Nor is defendants’ second claim for jurisdiction by virtue of S.F. Federal’s status as a federally chartered savings and loan association a tenable proposition upon which to base removal. Specifically, defendants assert that because S.F. Federal exists under the Home Owners’ Loan Act of 1933, 12 U.S.C. § 1461
et seq.,
as amended, and was carrying out governmental functions pursuant to that grant of authority in dealing with plaintiffs, this suit involves a controversy arising under the laws of the United States. (Petition for Removal p. 2.) Defendants’ contention is simply contrary to existing law. Federal jurisdiction does not result merely from incorporation under a federal statute.
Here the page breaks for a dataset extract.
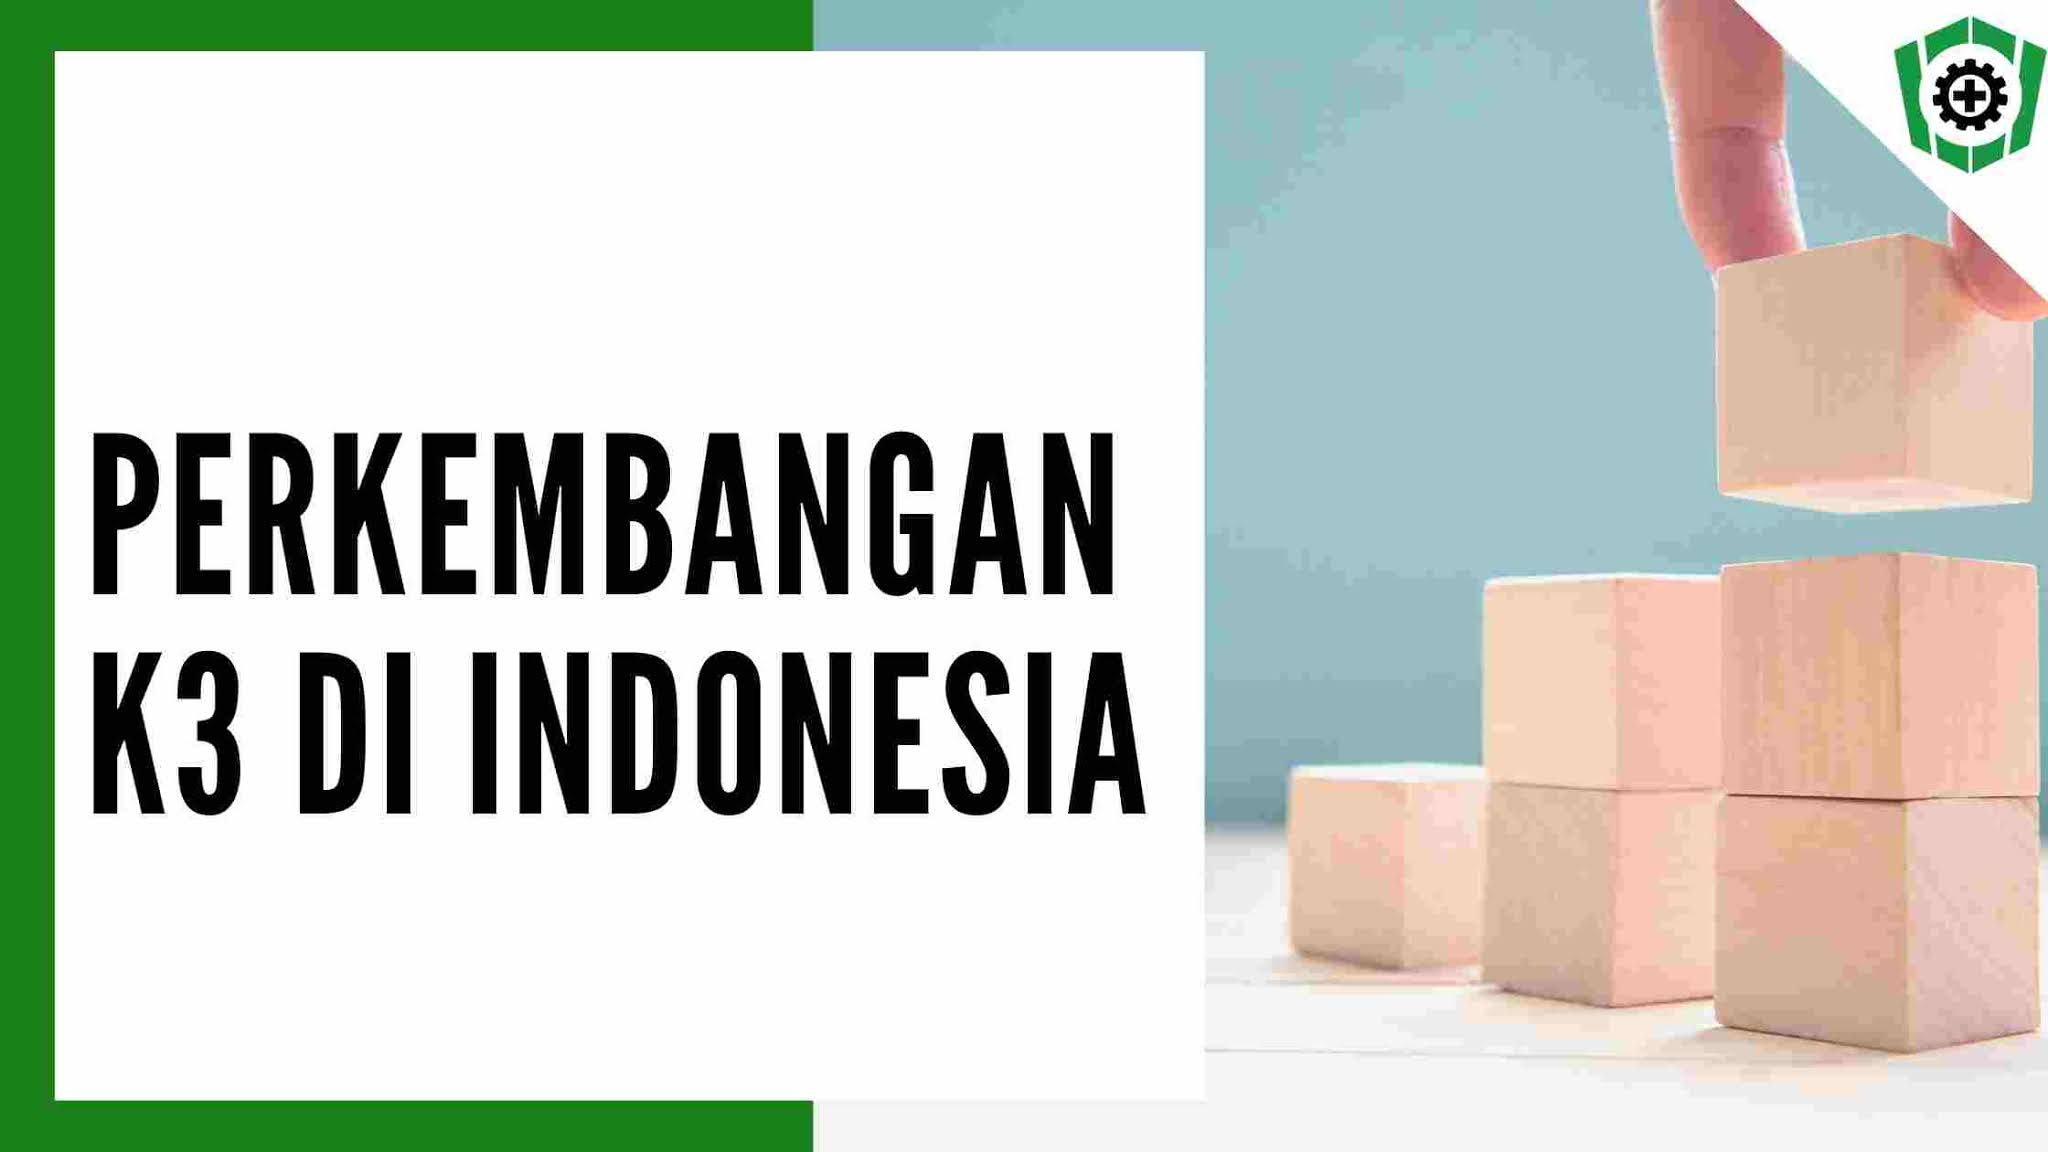 Perkembangan K3 di Indonesia

Mamber v. Second Federal Savings,
275 F.Supp. 170, 171 (D.Mass. 1967);
Austin v. Altman,
332 F.2d 273, 276 (2d Cir. 1964).
To the contrary, in enacting 28 U.S.C. § 1349,
Congress has taken positive steps to restrict federal jurisdiction on the ground of federal incorporation to cases where the United States owns more than 51% of the capital stock. Without another independent ground for jurisdiction available to them, the mere fact that the entity was federally incorporated does not confer federal jurisdiction.
Cupo v. Community National Bank & Trust Co. of N.Y.,
438 F.2d 108, 110 (2d Cir. 1971);
Murphy v. Colonial Federal Savings and Loan Association,
388 F.2d 609, 612 (2d Cir. 1967).
IT IS HEREBY ORDERED that this action is remanded to the Superior Court of California for the County of San Mateo.